The agent’s core reasoning is structured through DSPy signatures that define input-output contracts for each module. The ReflectionStepSignature serves as the agent’s state comprehension layer, taking the latest observation and producing:

observation_summary: Evaluation of the last action’s success/failure
facts/constraints/open_questions/assumptions: Evolving knowledge state
procedural_memory_update: Actionable insights for future tasks

This reflection output feeds into DomainRouteSignature (selecting tool domains) and ActionSignature (planning and executing tool calls). ActionSignature elicits strategic reasoning (working_plan, action_justification) in addition to a tool call (function_name, arguments).

Agent Graph Architecture

The ReAct agent (react_agent.py) implements a reflection → router → action → tool_executor cycle in LangGraph. Each task gets an isolated ReActAgent instance with dedicated browser and code interpreter resources. The agent maintains structured history through HistoryItem records containing observation summaries, route selections, and action descriptions from complete cycles only. After the ReAct agent completes its task, its final answer is passed through an optimized FormatFinalAnswerModule for formatting, since GAIA grading is based on semi-exact match.
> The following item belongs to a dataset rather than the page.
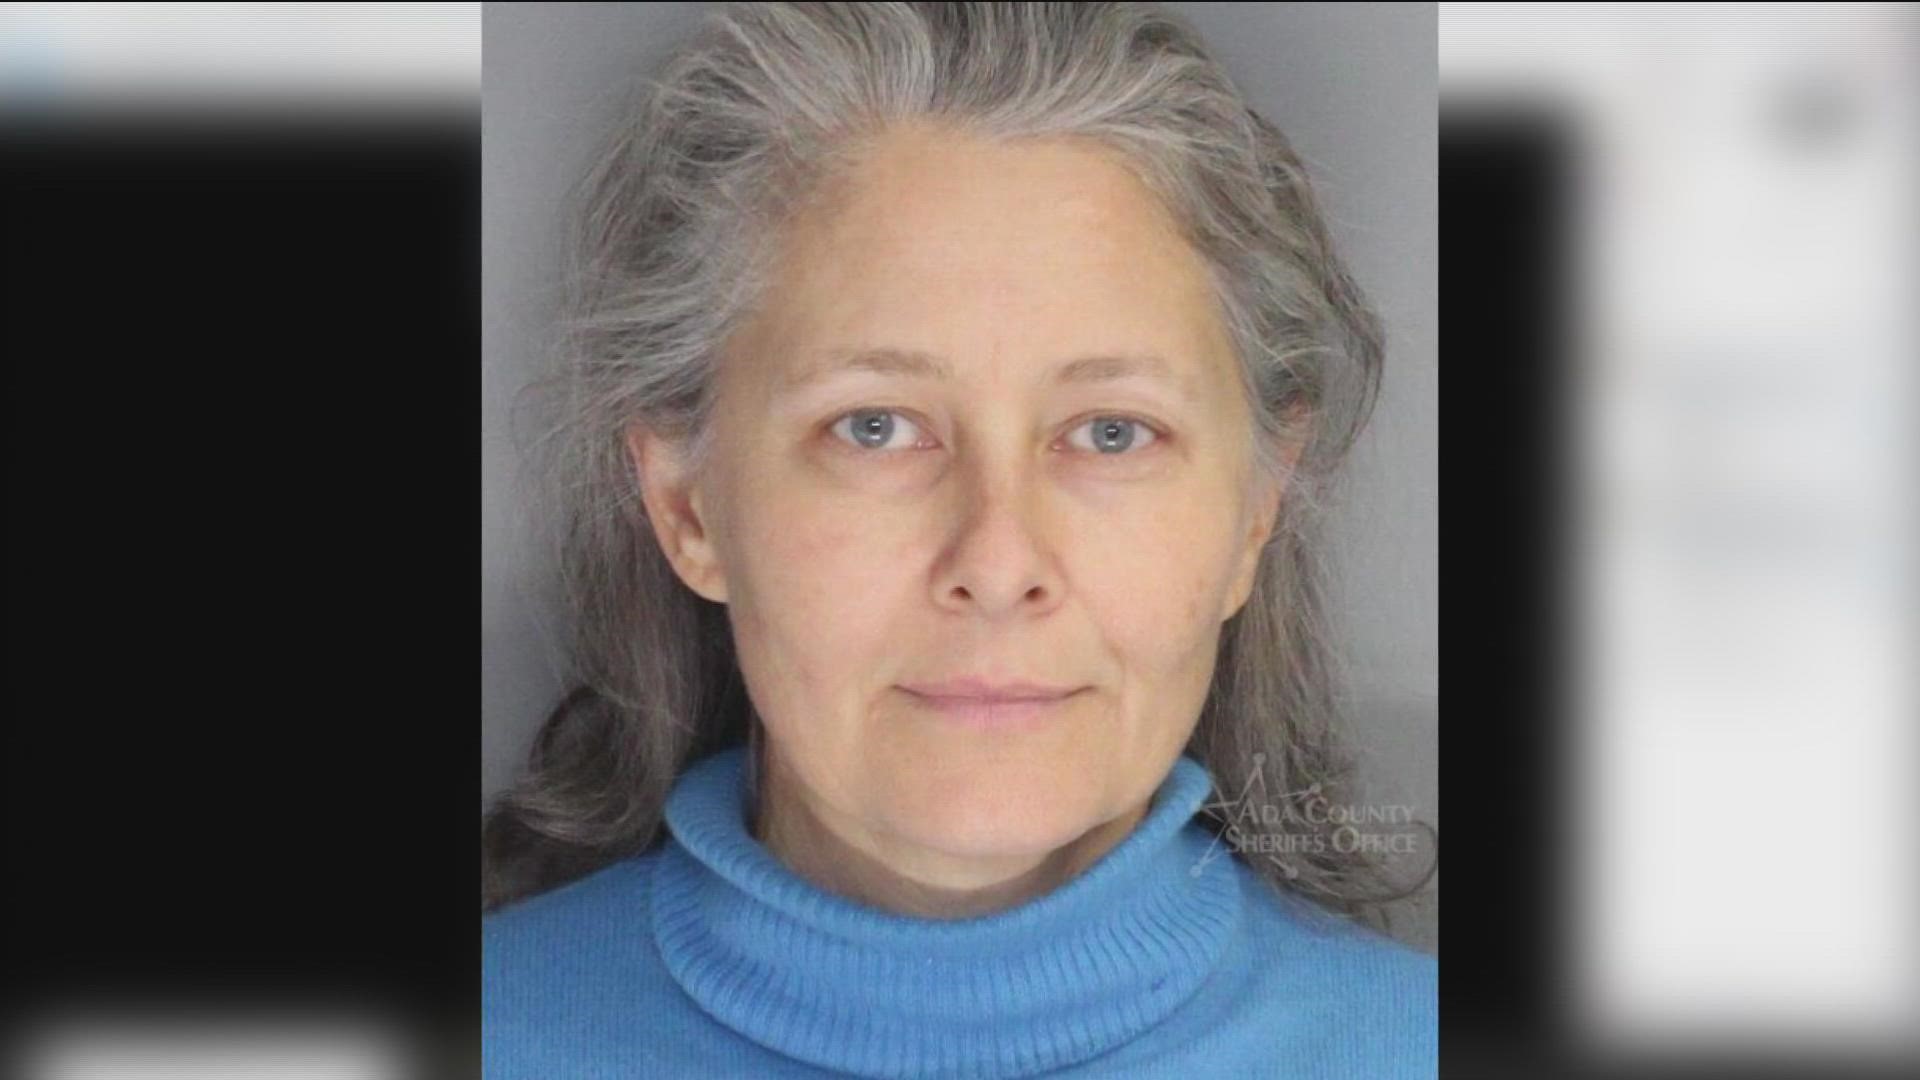 Susan Lang, who took part in a protest outside Diana Lachiondo's home in December 2020, was sentenced on Wednesday to a misdemeanor for disturbing the peace.

TaskAgentModule (task_agent_module.py) wraps the ReAct agent graph and final answer formatting as a DSPy module, enabling program level optimization of all DSPy submodules.

GEPA Optimization Adapter

The DspyFullTraceInstructionAdapter extends DSPy’s standard adapter to support full-trajectory reflection. During optimization, FullTraceComponentSelector analyzes complete execution traces using an LLM-based reflector (FullTraceReflectionSignature) that:

Compares agent trajectories against human solution steps
Identifies the component (Reflection, Domain Router, Action, etc.) most responsible for divergence
Generates generalizable feedback targeting that component’s specific role

Component assessments are stored per-iteration in the adapter (a workaround to avoid modifying upstream GEPA) and consumed during instruction proposal generation. The reflector produces estimated_impact scores to prioritize which component to optimize first. Feedback emphasizes general strategies (e.g., “check internal navigation before search fallback”) over task-specific details.

Structured Output Schemas

Pydantic models enforce type safety across the system. ToolCall uses OpenAI-style schema (name + arguments dict), while HistoryItem packages complete cycle information for context passing. The ReActAgentState reducer functions handle list appends and dict merges, with build_complete_history_items ensuring only fully-completed cycles appear in module inputs (preventing partial/corrupted context).

Infrastructure Setup

Browser Isolation: Each agent gets an isolated BrowserUseAdapter with dedicated event loop and Playwright browser context. A threading semaphore limits concurrent browser launches to prevent CDP contention. Cookies load via CDP after startup, with sanity pings catching bad socket states early. The fetch_binary method bypasses captchas using browser cookies, with disk-cached results for efficiency.

Code Sandbox: CodeInterpreterConnection wraps smolagents.LocalPythonExecutor, an artifact from the agent’s evolution from HF smolagents. Execution is wrapped in a thread pool executor with timeout to prevent excessively long-running code from blocking the agent indefinitely. Output truncation provides a safeguard against excessively long outputs overwhelming agent context.

Docker: The deployment is run through docker compose, with connected agent and mlflow services. Tests are run in a separate Docker Compose environment for isolation, with the same image for consistency.